Atmospheric ammonia measurements over a coastal salt marsh ecosystem
along the Mid-Atlantic U.S.
Abstract
Terrestrial-aquatic interfaces such as salt marshes, mangroves, and
similar wetlands provide an optimum natural environment for the
sequestration and long-term storage of carbon (C) from the atmosphere,
commonly known as coastal blue carbon. There are over 4 million acres of
salt marsh in the US and over half of these are along the east coast of
the US. Due to anthropogenic activities, this area presents the greatest
nitrogen (N) pollution problem in coastal ecosystems in the U.S. as part
of atmospheric N deposition, runoff, and riverine export. Ammonia (NH3)

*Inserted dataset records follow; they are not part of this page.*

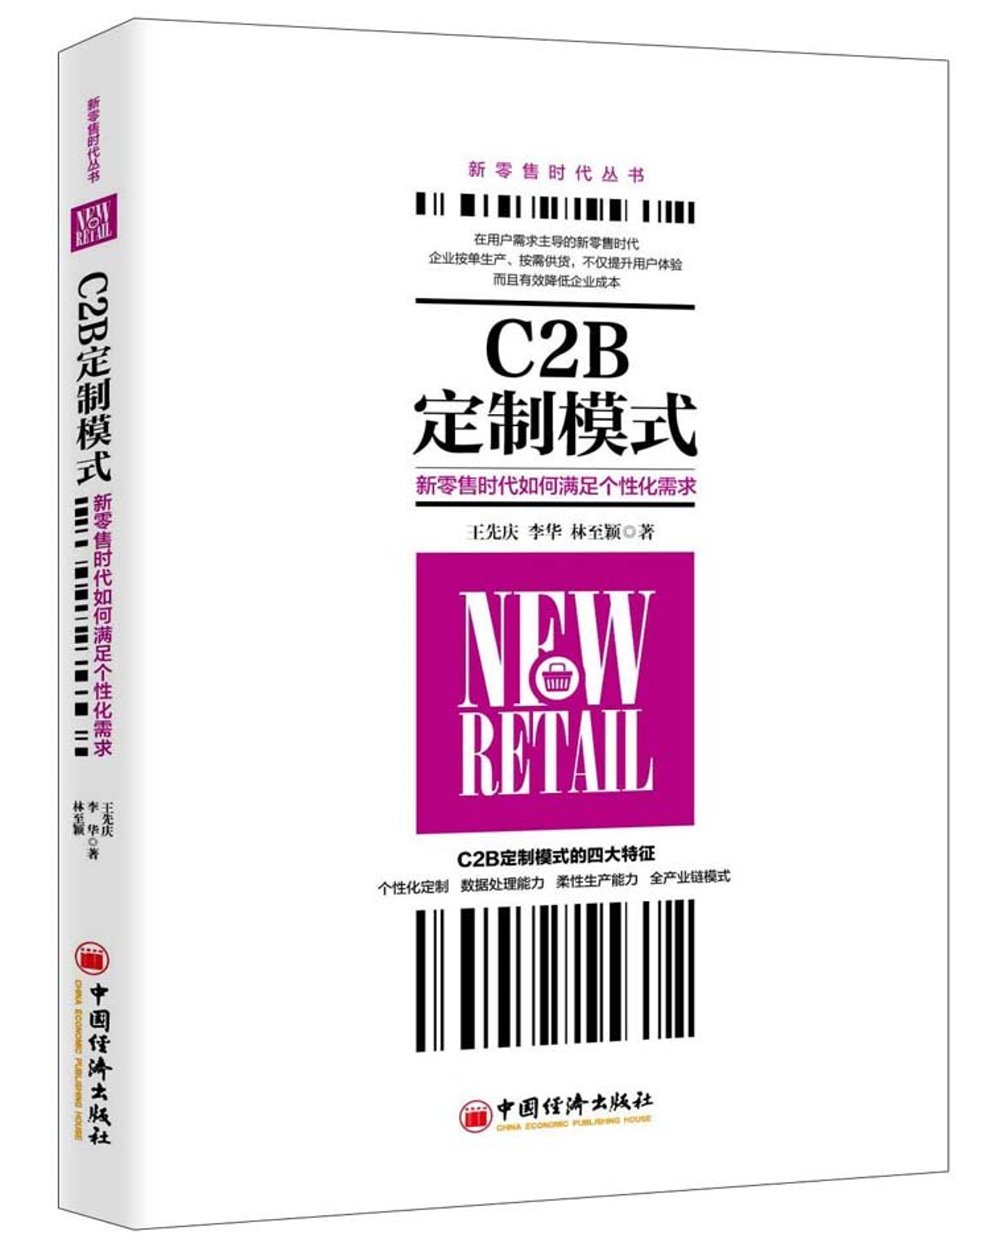 C2B定制模式：新零售時代如何滿足個性化需求
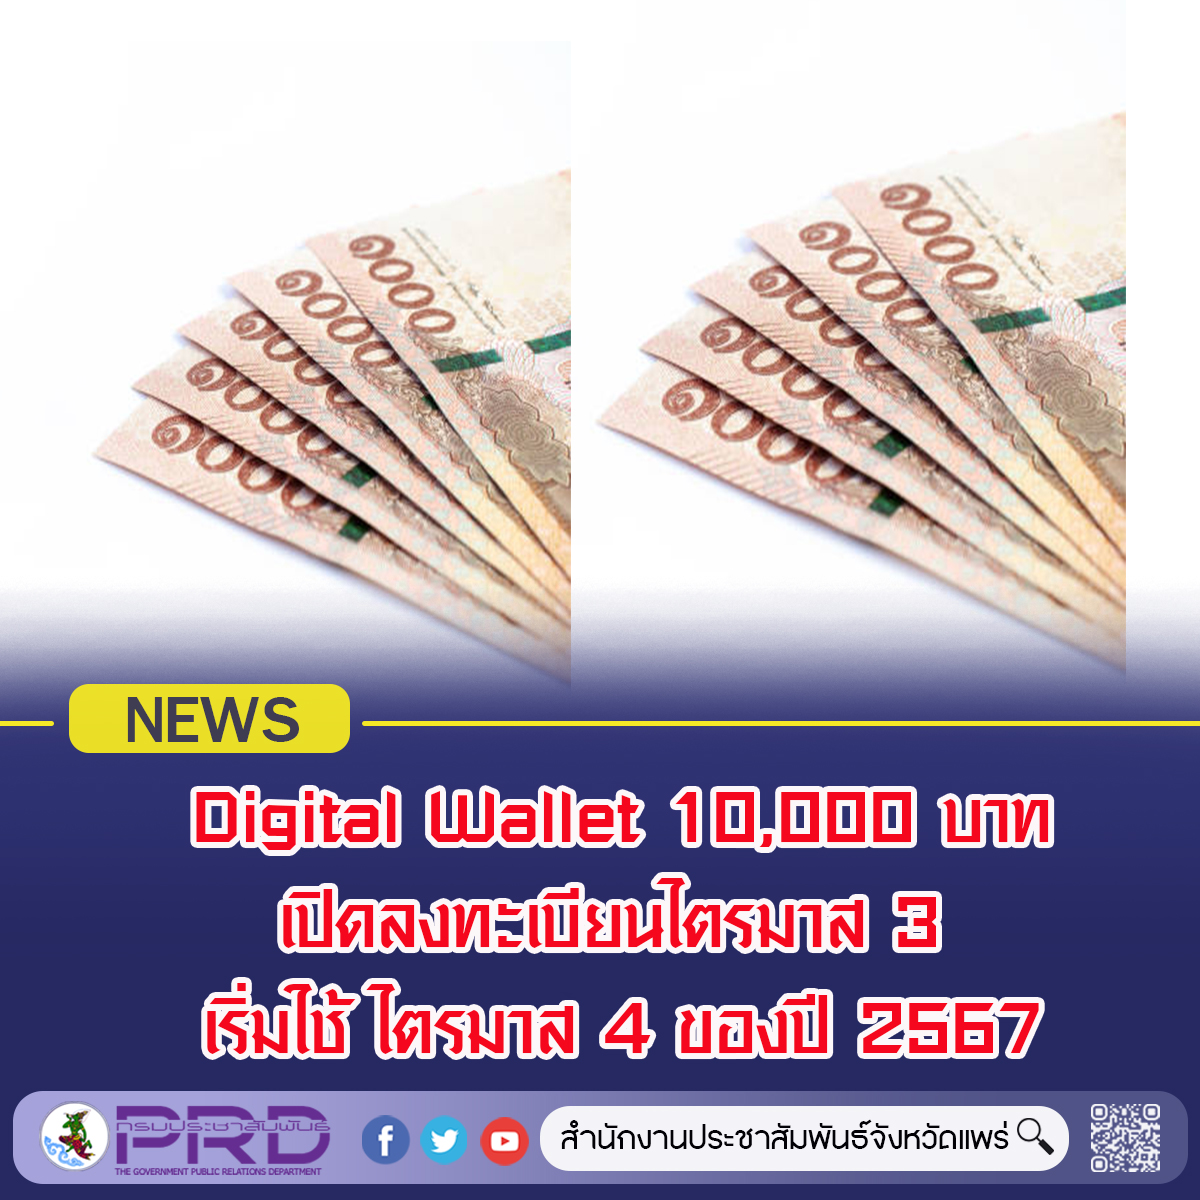 ความคืบหน้า เงิน 10,000 บาท หรือ Digital Wallet คาดเปิดลงทะเบียนไตรมาส 3 เริ่มใช้ ไตรมาส 4 ของปี 2567
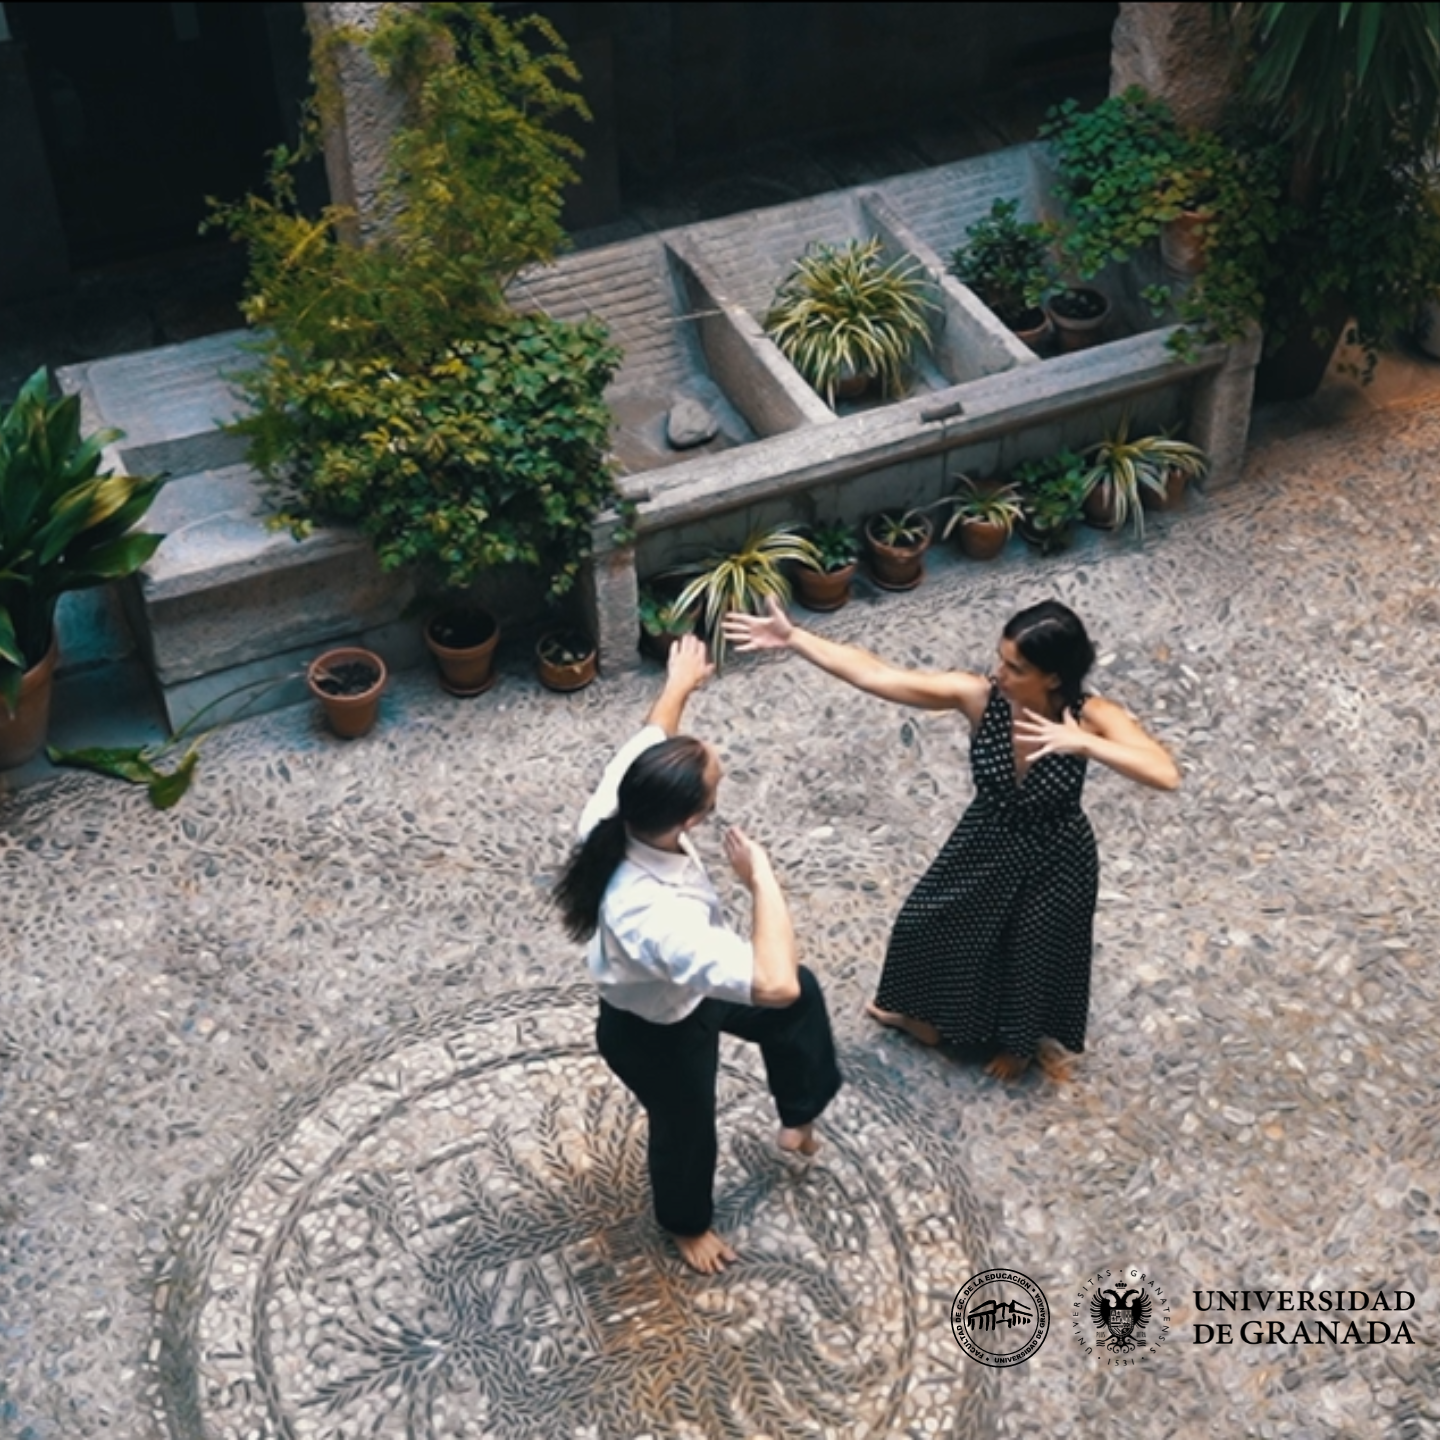 Fotografía de la presentación con 2 personas bailando en un patio

is the most abundant alkaline gas in the atmosphere. Agricultural
intensification is the primary anthropogenic source of NH3 leading to a
doubling of reactive nitrogen (Nr) entering the biosphere. Despite this,
there are limited atmospheric measurements of NH3 concentrations in
coastal areas along the east coast. The objective of this study is to
advance our process-level understanding of NH3 air-surface exchange over
a tidal salt marsh at the Saint Jones Reserve (DE), which is part of the
National Estuarine Research Reserve System (NERRs). Continuous and high
temporal resolution measurements of atmospheric NH3 concentrations were
measured using a cavity ring-down spectrometer, reporting 30 min
concentration averages. These high temporal resolution measurements
allowed the estimation of the average diurnal cycle of NH3 fluxes using
a new analytical methodology. Micrometeorological measurements were also
measured using the eddy covariance system operated concurrently above
the tidal marsh at the research site, which is part of the AmeriFlux
network (US-StJ). This pilot study represents one of the few atmospheric
measurements of NH3 over a tidal salt marsh in the eastern U.S. Such
measurements are important to characterize the processes that influence
the exchanges of NH3 between the atmosphere and the aquatic surface and
provide baseline data to form more reliable parameterizations to
simulate NH3 deposition and emissions in tidal salt marshes using
surface-atmosphere transfer models.